In recent decades, Reinforcement Learning (RL) has been a control protocol that can be designed without knowledge or identification of system dynamics, and is not model-based, and thus has gained much attention and broad application prospects. Reinforcement learning is motivated by biological systems to find the optimal control strategy by optimizing cumulative rewards, interacting with a given unknown environment to learn the best strategy to maximize its long-term performance. The Rl algorithm is based on the fact that a successful control strategy should be remembered, and then by reinforcing this signal, they are more likely to be used a second time.

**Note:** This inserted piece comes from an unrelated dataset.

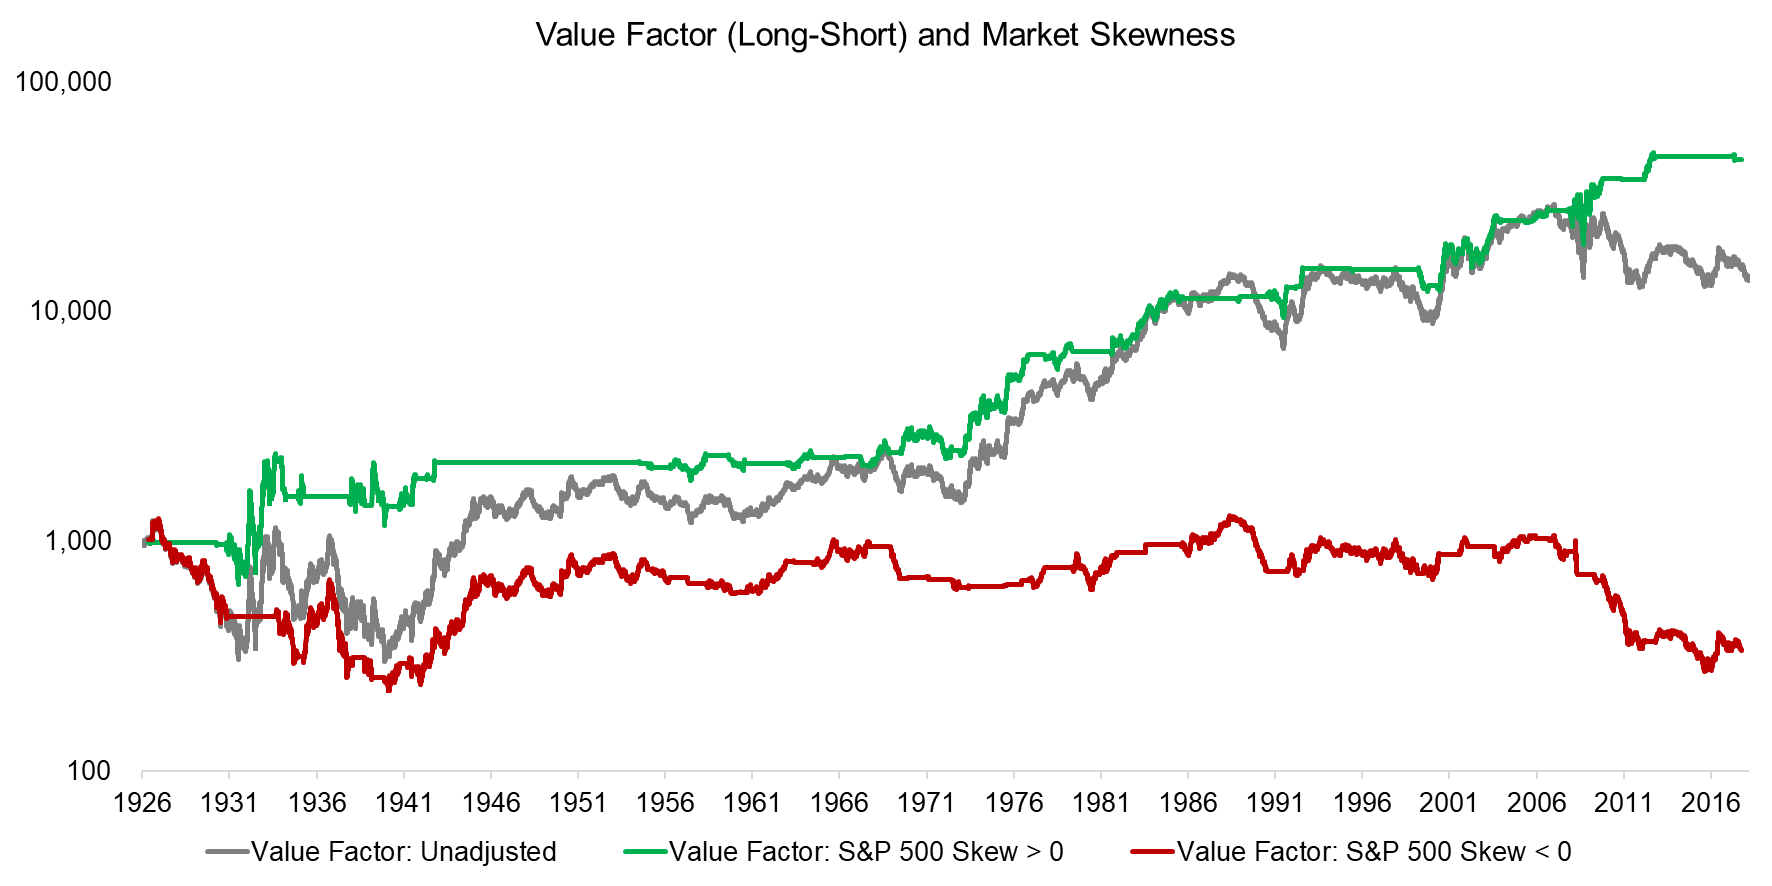 Value Factor (Long-Short) and Market Skewness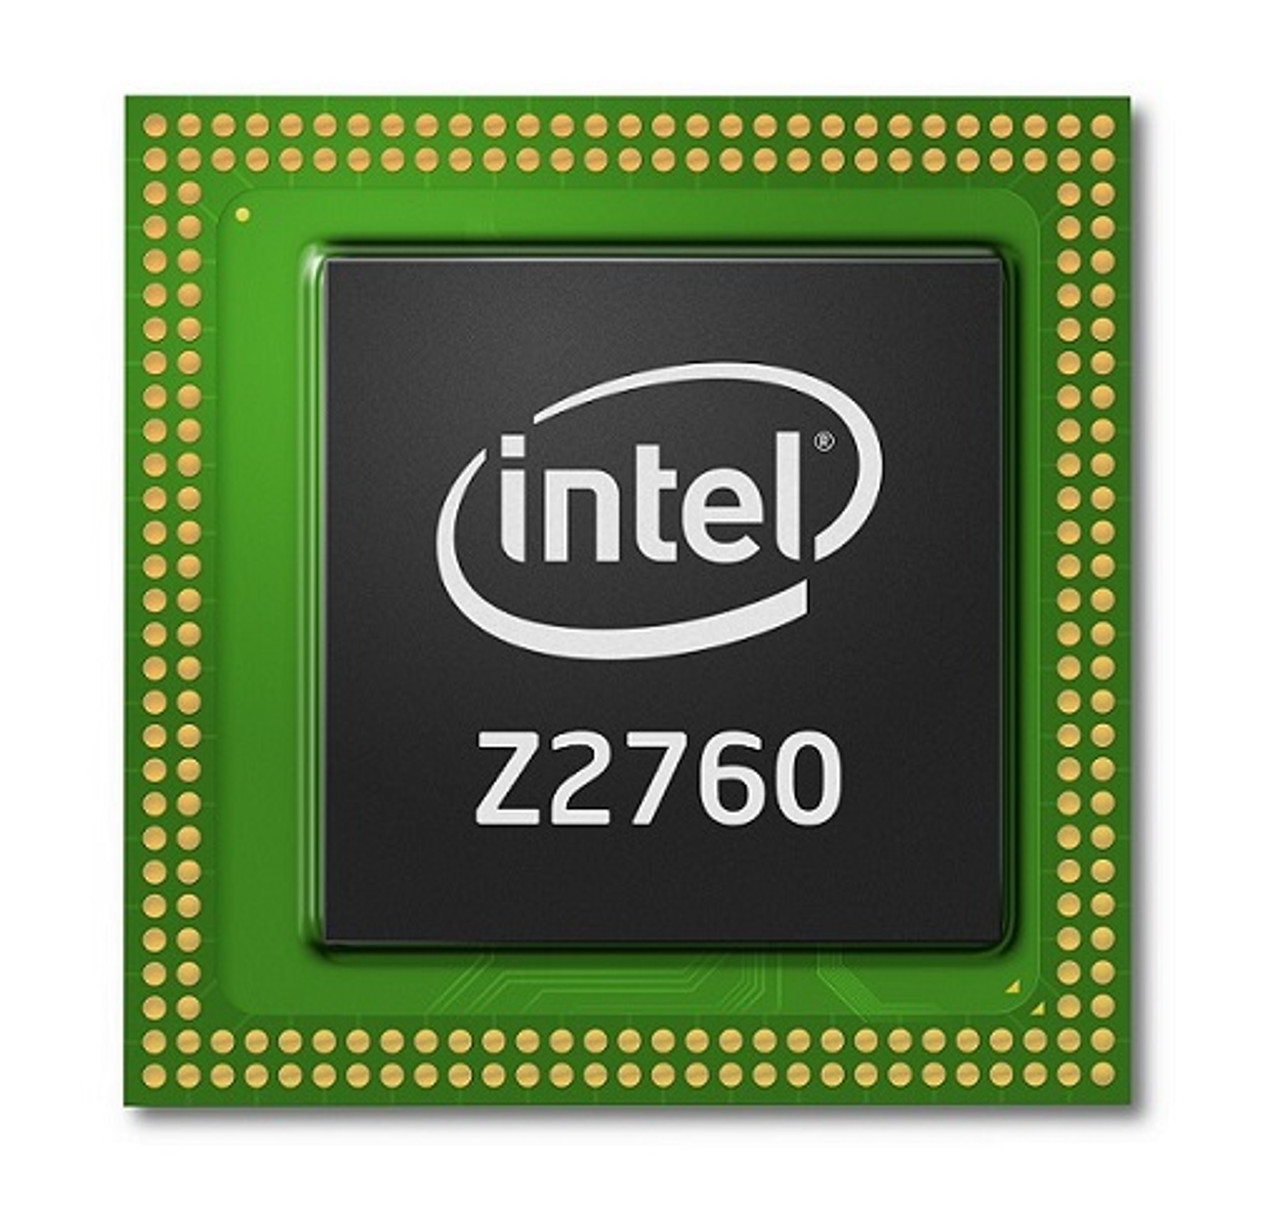 SLB6P - Intel Atom Z530 1.60GHz 533MHz FSB 512KB L2 Cache Socket PBGA441 Processor

From the beginning of reinforcement learning research, the RL method has gained much attention in the field of intelligent agent research. The research on the relevant reinforcement learning which is mainstream at present is usually realized on an operator-critic structure, a critic evaluates the performance of the current strategy according to measured data, and a performer finds an improved strategy by using the strategy evaluated by the critic. Compared with a classical dynamic planning method, the reinforcement learning method provides a feasible method capable of avoiding dimension explosion. On the other hand, compared with the traditional adaptive controller, the reinforcement learning method only needs to consider the dynamics of the tracking error, can reduce the transient response bringing errors to the system to the maximum extent, and simultaneously ensures the stability of the whole system. The main advantage of the Reinforcement Learning (RL) algorithm to solve the optimal control problem is that it can obtain enough data information from the system without having to solve the system dynamics, and then iteratively improve between two steps of policy evaluation and policy improvement based on a policy iteration technique.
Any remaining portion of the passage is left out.